== RECORDS SUPPLIED ==

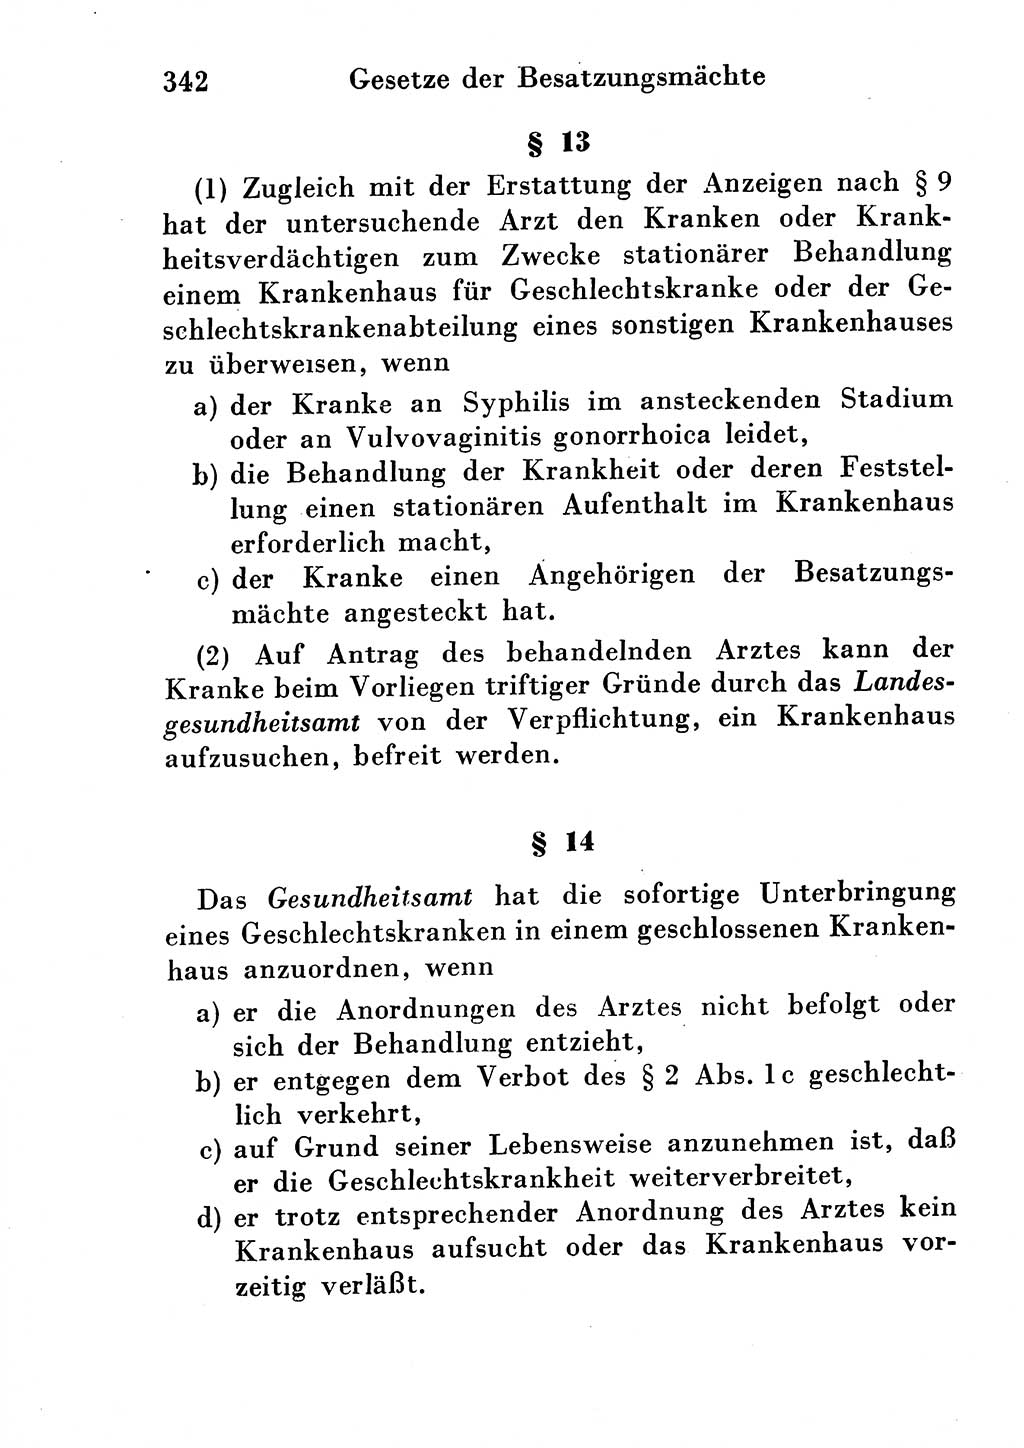 Strafgesetzbuch (StGB) und andere Strafgesetze [Deutsche Demokratische Republik (DDR)] 1954, Seite 342 (StGB Strafges. DDR 1954, S. 342)
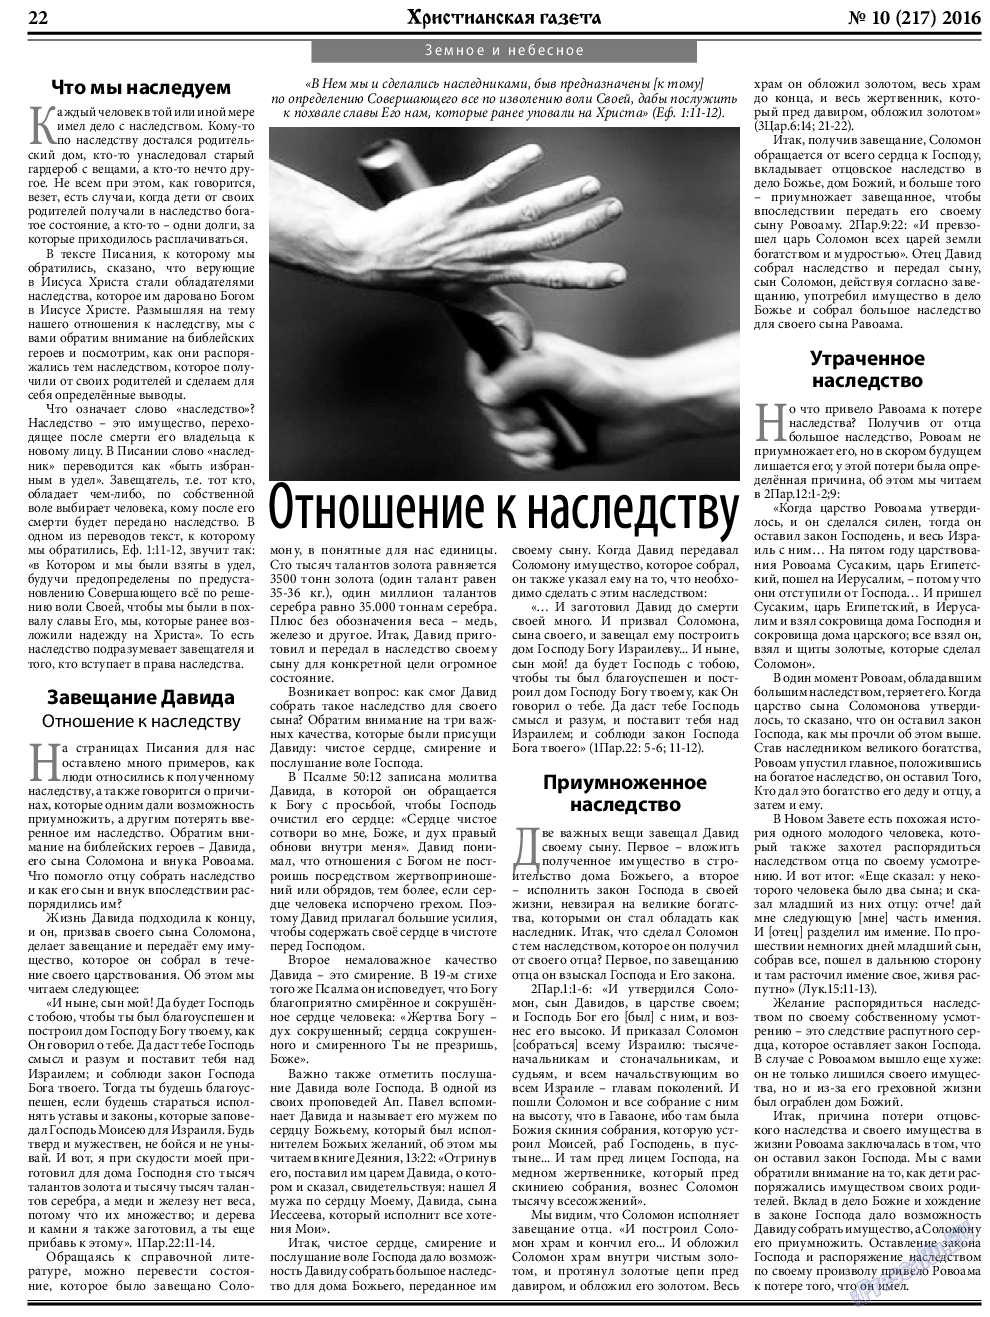 Христианская газета, газета. 2016 №10 стр.30
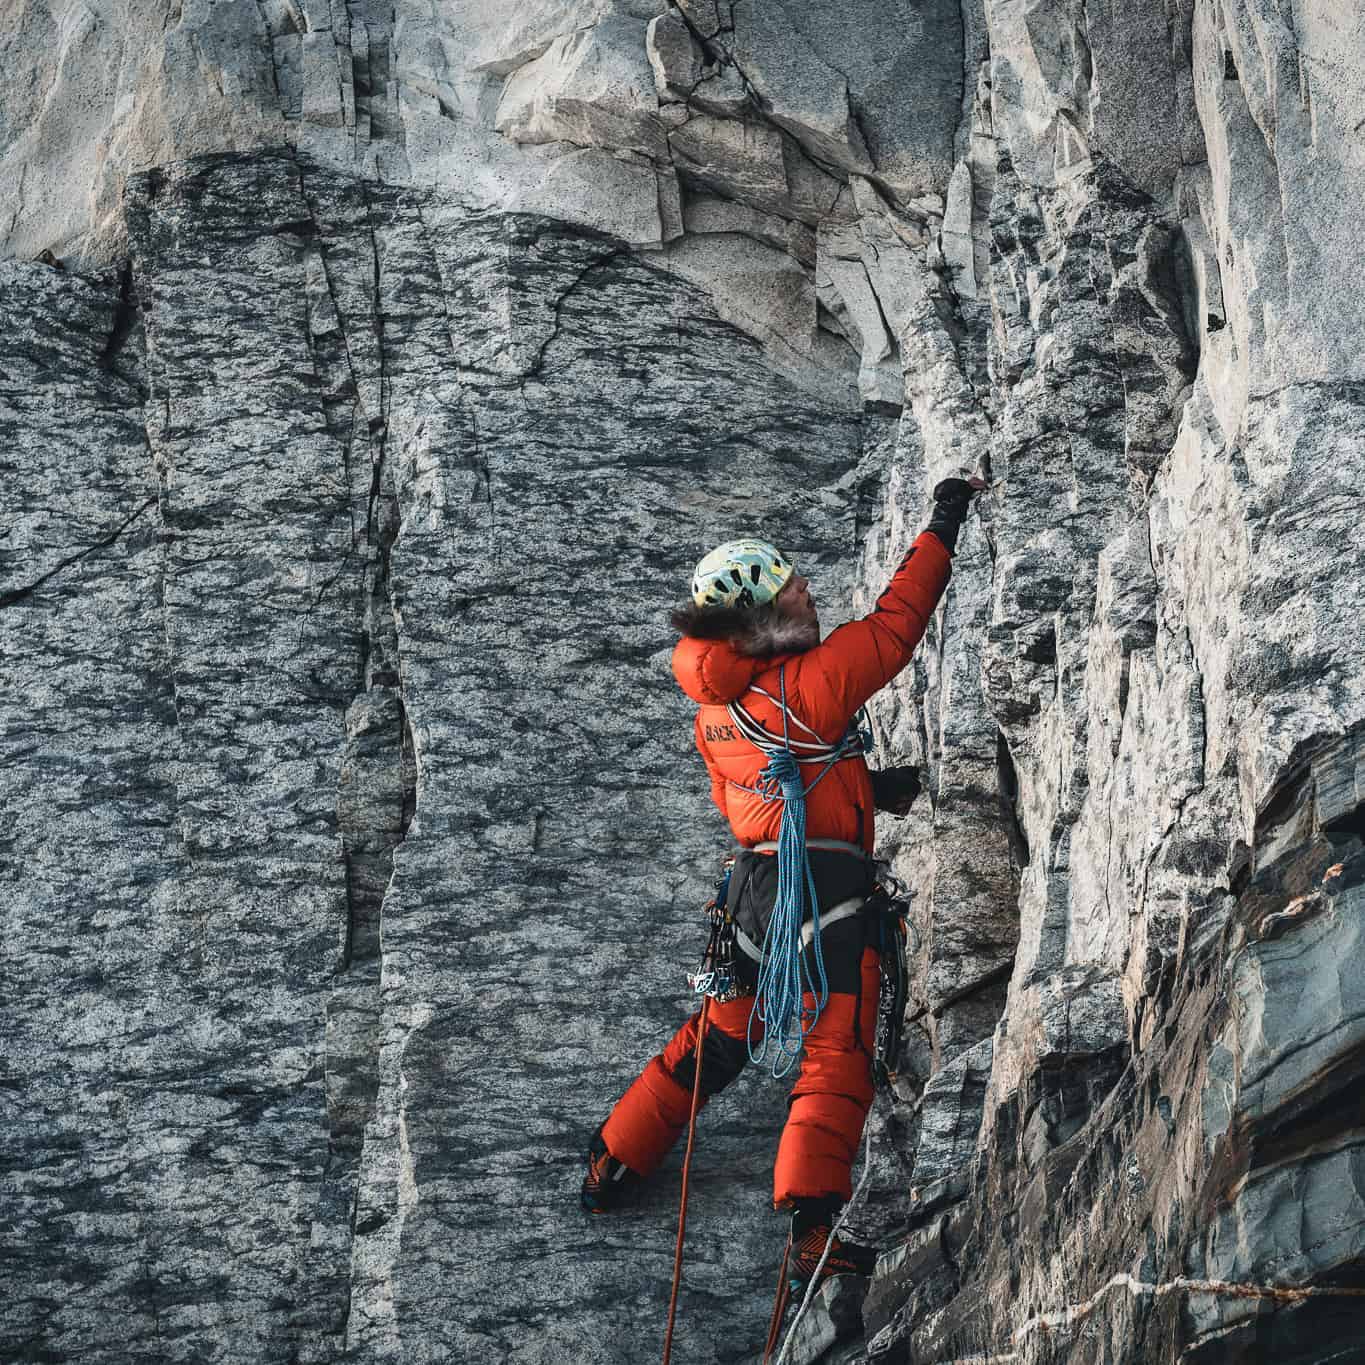 Jost Kobush on Winter 2019 Everest
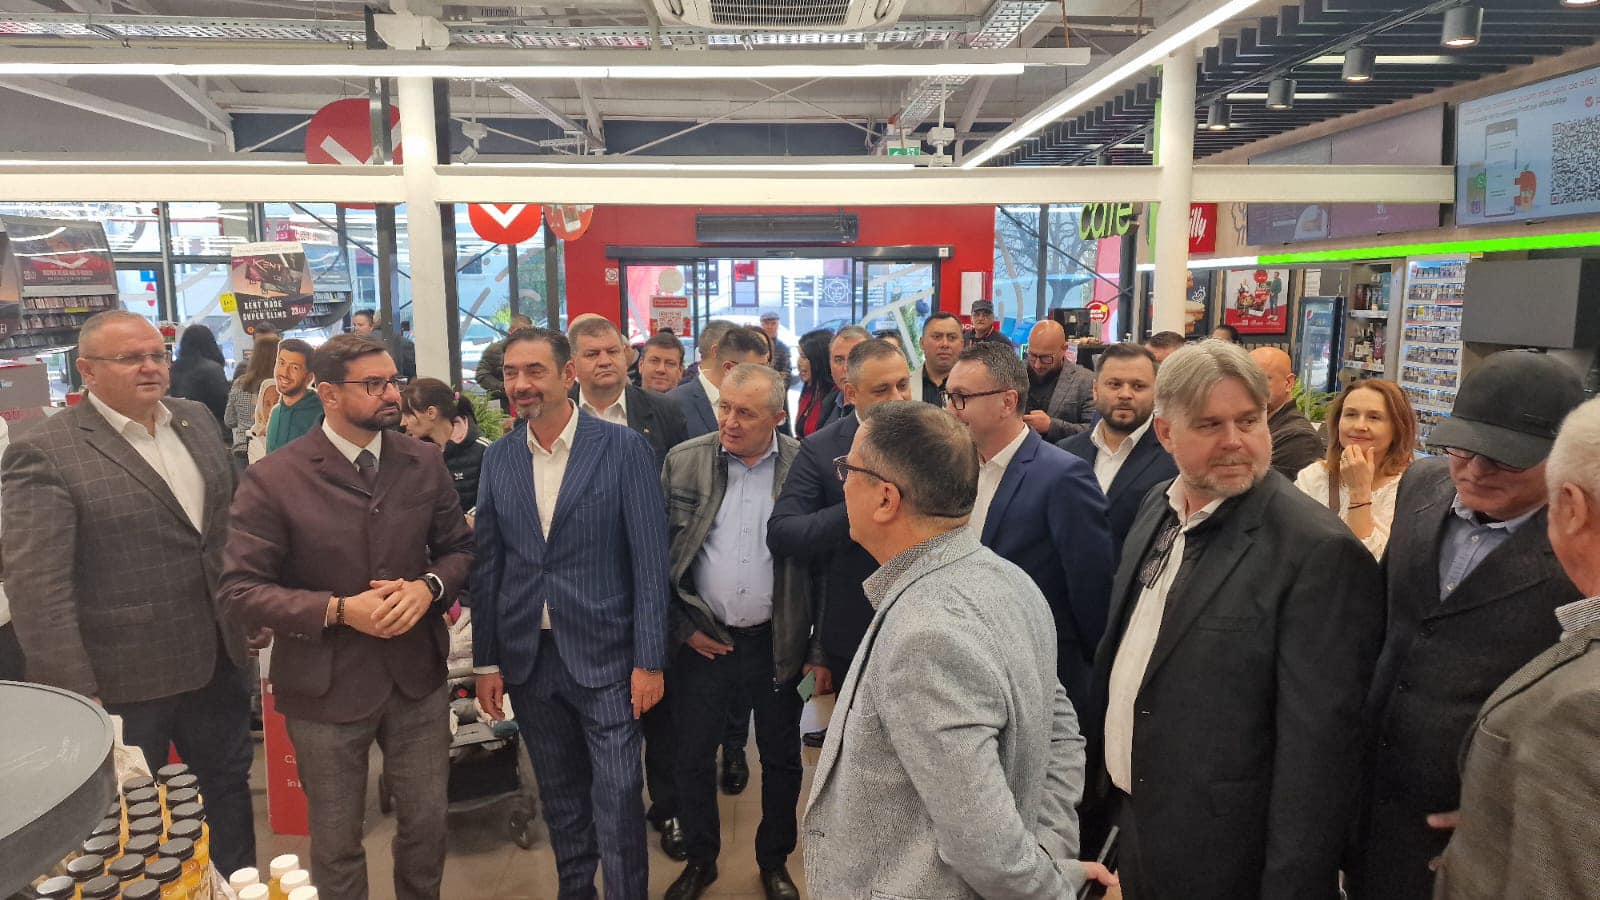 De Ziua Olteniei, deputatul Adrian Chesnoiu şi primarul Emil Moţ, susţin comercializarea produselor româneşti  făcute în gospodăria ţărănească
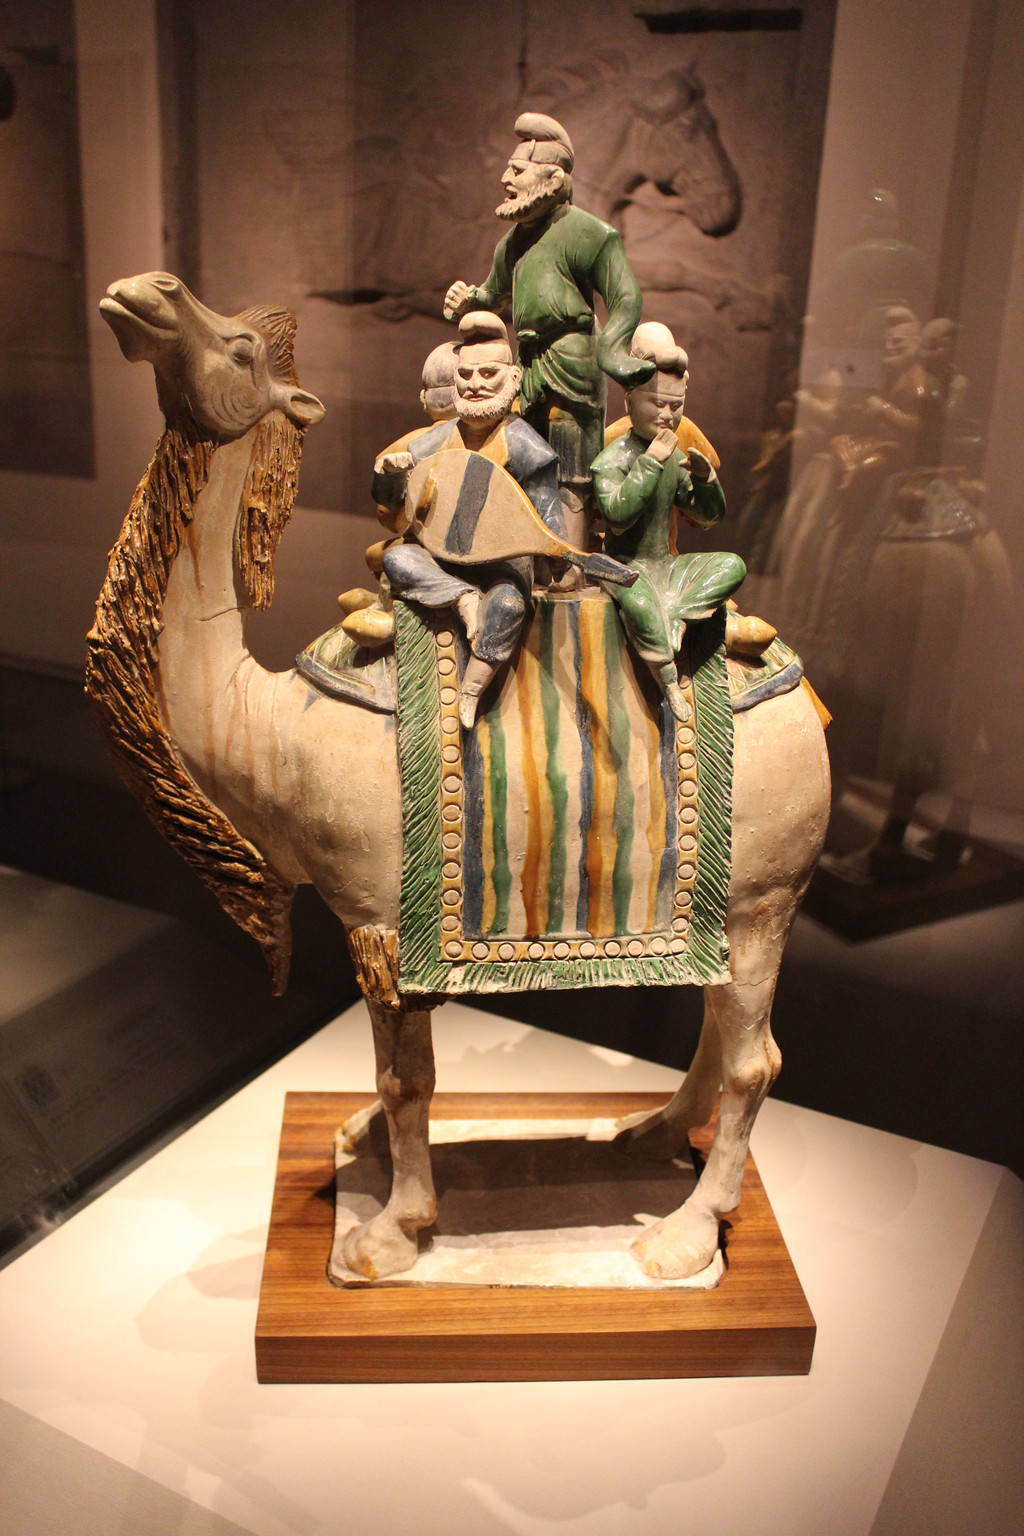 骑驼乐舞三彩俑三彩釉陶骆驼载乐俑,也称为骑驼乐舞三彩俑,唐代明器

===

# WHAT YOU HAVE TO DO
Only the lines from the one containing "De Ziua Olteniei, deputatul" through the last line of the data above, both included, belong in the reply, each restated exactly and without pictures.

# RESPONSE
 De Ziua Olteniei, deputatul Adrian Chesnoiu şi primarul Emil Moţ, susţin comercializarea produselor româneşti  făcute în gospodăria ţărănească
 骑驼乐舞三彩俑三彩釉陶骆驼载乐俑,也称为骑驼乐舞三彩俑,唐代明器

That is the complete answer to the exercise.